Notice how people who always look on the bright side deal with challenges, even minor ones, like not being able to find a parking space. Then consider how you would react in the same situation. Even if you have to pretend, try to adopt their optimism and persistence in the face of difficulty.


In order to overcome depression, you have to take care of yourself. This includes following a healthy lifestyle, learning to manage stress, setting limits on what you’re able to do, adopting healthy habits, and scheduling fun activities into your day.

Aim for eight hours of sleep. Depression typically involves sleep problems. Whether you’re sleeping too little or too much, your mood suffers. Get on a better sleep schedule by learning healthy sleep habits.

Expose yourself to a little sunlight every day. Lack of sunlight can make depression worse. Make sure you’re getting enough. Take a short walk outdoors, have your coffee outside, enjoy an al fresco meal, people-watch on a park bench, or sit out in the garden. Aim for at least 15 minutes of sunlight a day to boost your mood. If you live somewhere with little sunshine, try using a light therapy box.

Keep stress in check. Not only does stress prolong and worsen depression, but it can also trigger it.  Figure out all the things in your life that stress you out. Examples include: work overload, unsupportive relationships, taking on too much or health problems. Once you’ve identified your stressors, you can make a plan to avoid them or minimise their impact.

Practice relaxation techniques. A daily relaxation practice can help relieve symptoms of depression, reduce stress, and boost feelings of joy and well-being. Try yoga, deep breathing, progressive muscle relaxation, or meditation.


Do things you enjoy (or used to).

While you can’t force yourself to have fun or experience pleasure, you can choose to do things that you used to enjoy. Pick up a former hobby or a sport you used to like. Express through music, art, or writing. Go out with friends. Take a day trip to a museum, the mountains, or the ballpark.

Push yourself to do things, even when you don’t feel like it. You might be surprised at how much better you feel once you’re out in the world. Even if your depression doesn’t lift immediately, you’ll gradually feel more upbeat and energetic as you make time for fun activities.



When you’re depressed, exercising may be the last thing you feel like doing. But exercise is a powerful tool for dealing with depression.
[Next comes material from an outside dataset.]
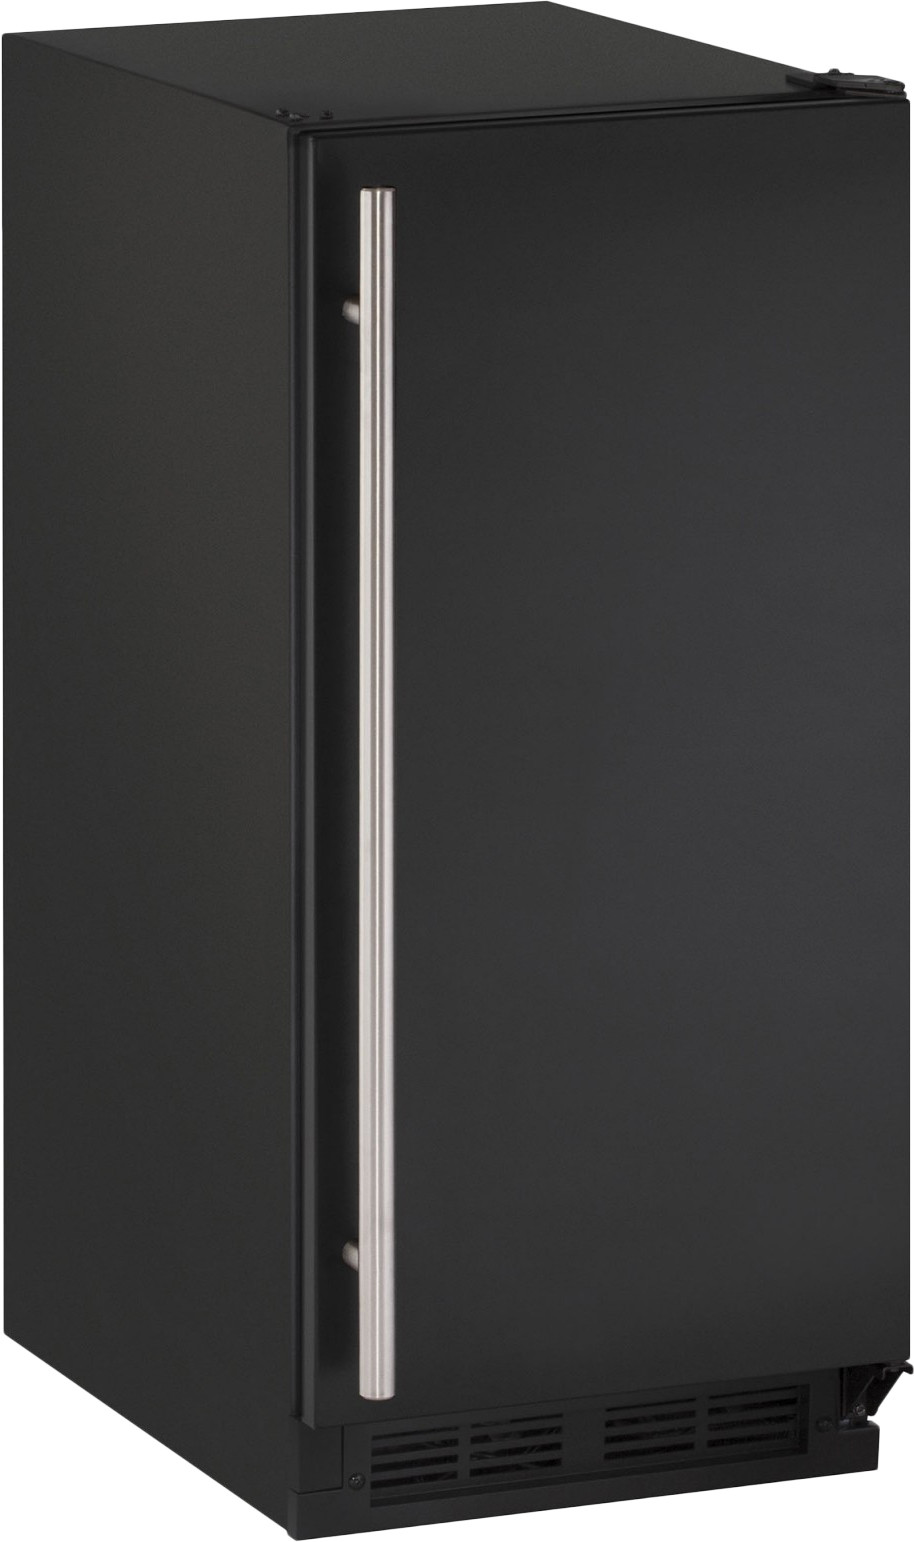 Freestanding Compact Refrigerator, Tempered Glass Shelves For Refrigerators
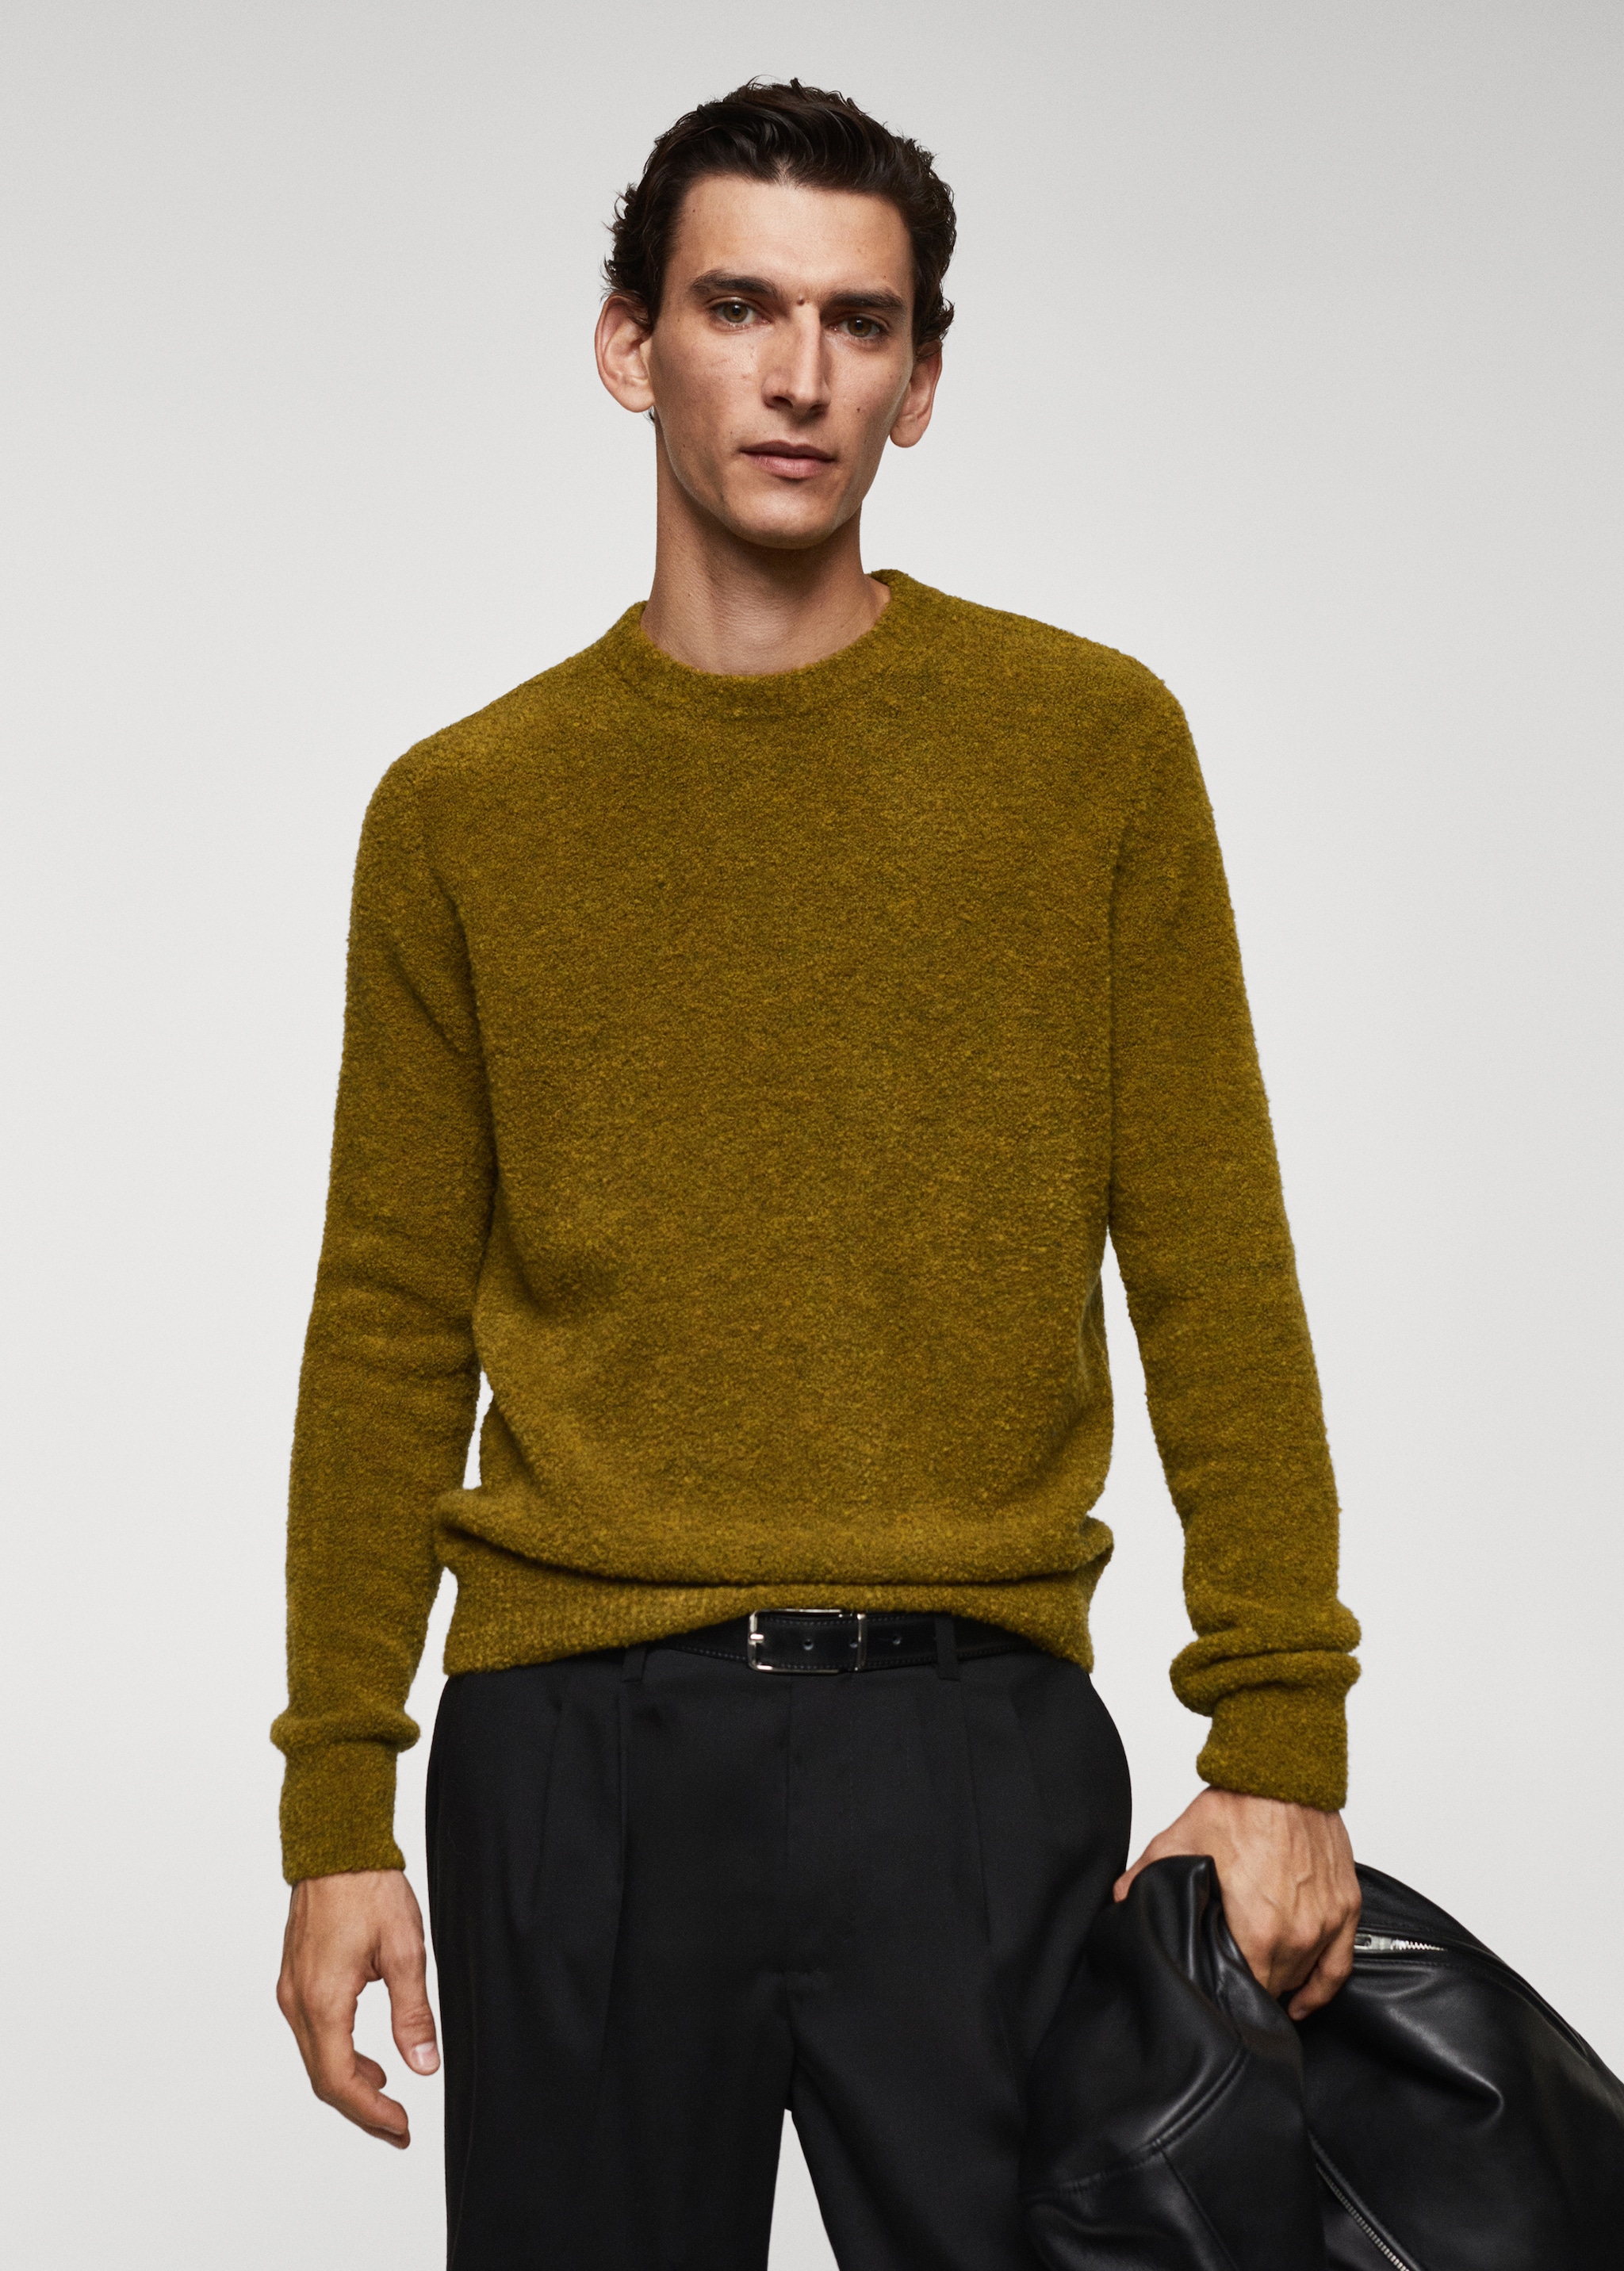 Bouclé knit sweater - Medium plane

In fact, studies show that regular exercise can be as effective as antidepressant medication at increasing energy levels and decreasing feelings of fatigue.

Scientists haven’t figured out exactly why exercise is such a potent antidepressant, but evidence suggests that physical activity triggers new cell growth in the brain, increases mood-enhancing neurotransmitters and endorphins, reduces stress, and relieves muscle tension—all things that can have a positive effect on depression.

To gain the most benefits, aim for 30 minutes of exercise per day. You can start small, though, as short 10-minute bursts of activity can have a positive effect on your mood. Here are a few easy ways to get moving:

Take the stairs rather than the elevator.

Park your car in the farthest spot in the lot.

Take your dog for a walk.

Pair up with an exercise partner.

Walk while you’re talking on the phone.


As a next step, try incorporating walks or some other enjoyable easy form of exercise into your daily routine. The key is to pick an activity you enjoy, so you’re more likely to keep up with it.



If you find your depression getting worse and worse, seek professional help. Needing additional help doesn’t mean you’re weak. Sometimes the negative thinking in depression can make you feel like you’re a lost cause, but depression can be treated and you can feel better!

Don’t forget about these self-help tips, though. Even if you’re receiving professional help, these tips can be part of your treatment plan, speeding your recovery and preventing depression from returning.